ErlangSolutions
How to do web crawling in Elixir - New webinar
Following up from his talk at ElixirConf EU Virtual, our colleague Oleg Tarasenko will be joining us on the webinar to dive deeper into Crawly, the web scraping framework he created in Elixir.
In this webinar he will discuss what web scraping is, why it is valuable and how Crawly makes it easy.
The webinar will demonstrate a real example using the Elixir Radar job board.
Register at https://www2.erlang-solutions.com/crawlywebinar2
Most Liked
joddm
I would surely welcome some more intermediate/advanced guides on web scraping. Almost all blogs/tutorials on this topic is comprised of; 1. install lib 2. basic xpath selectors 3. save to csv.
Things I am wondering about:
Persistence strategies - do we save the html to a object storage, then scrape it and save data we need to database?
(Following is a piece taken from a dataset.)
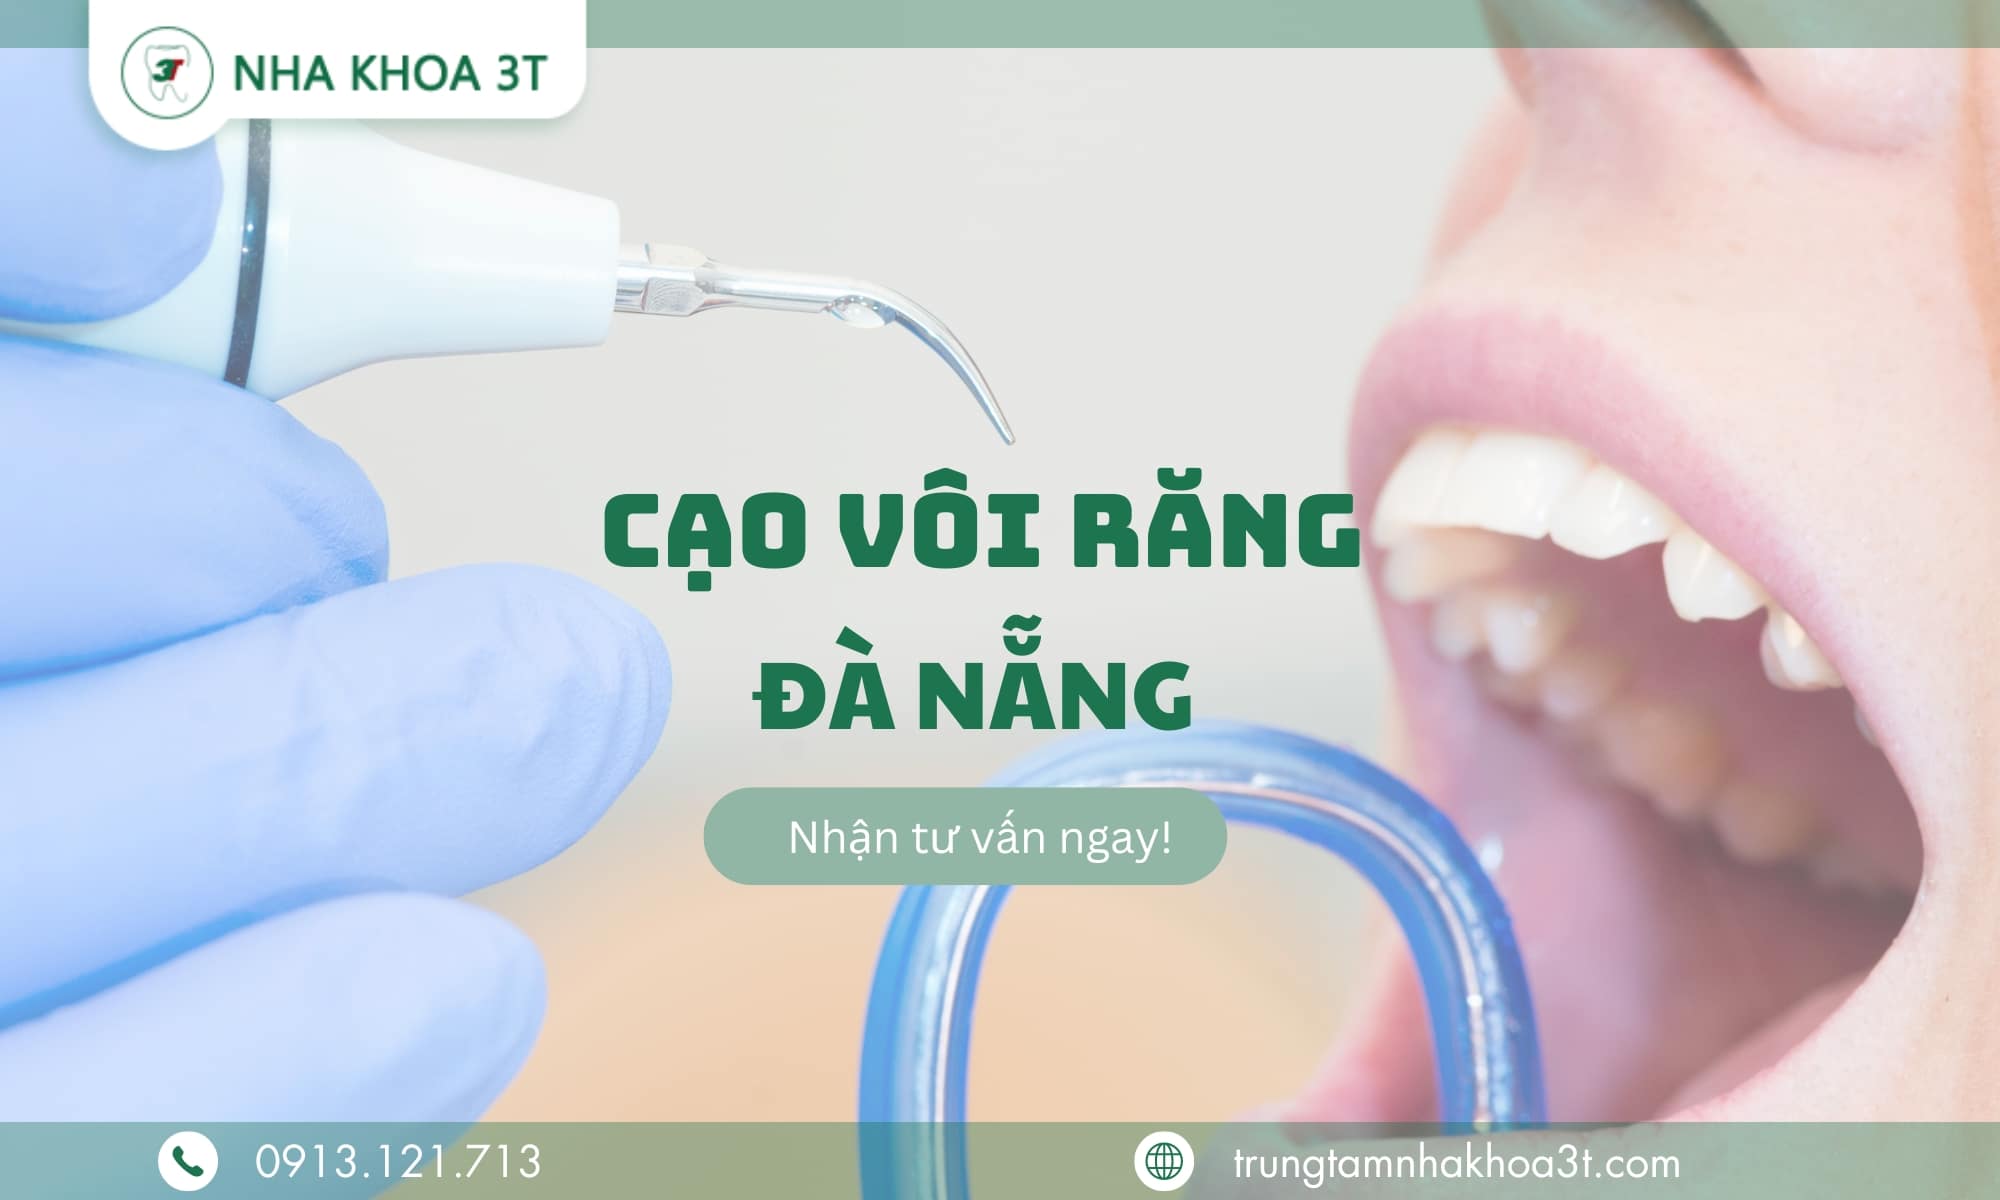 Tìm hiểu về dịch vụ cạo vôi răng tại Đà Nẵng

Recurrent scraping - how to scrape the same pages over a period of time? Strategies for good logging for error detection when a page has changed? How do we handle incremental updates on a field or web page?
Spider structuring - do you write a more general spider that can work for general fields across many web sites, and have more custom spiders to get “special” data from each page, or do we write a custom spider for each page?
Spider orchestration - how do we monitor these x number of spiders and scheduling? How do we prevent ddos’ing and get banned?
Probably more stuff that I even don’t know that I don’t know about. 
If anyone has any available resources, please share
ErlangSolutions
Hey Joddm,
Thanks for the reply. I will pass this on to Oleg from our team who is hosting the webinar. He will likely have some valuable information on the above.
ErlangSolutions
Sorry for the mix up.
This is tomorrow, July 1st.
The website date was out of date temporarily.
The webinar will be recorded and all registrants will receive a copy via email.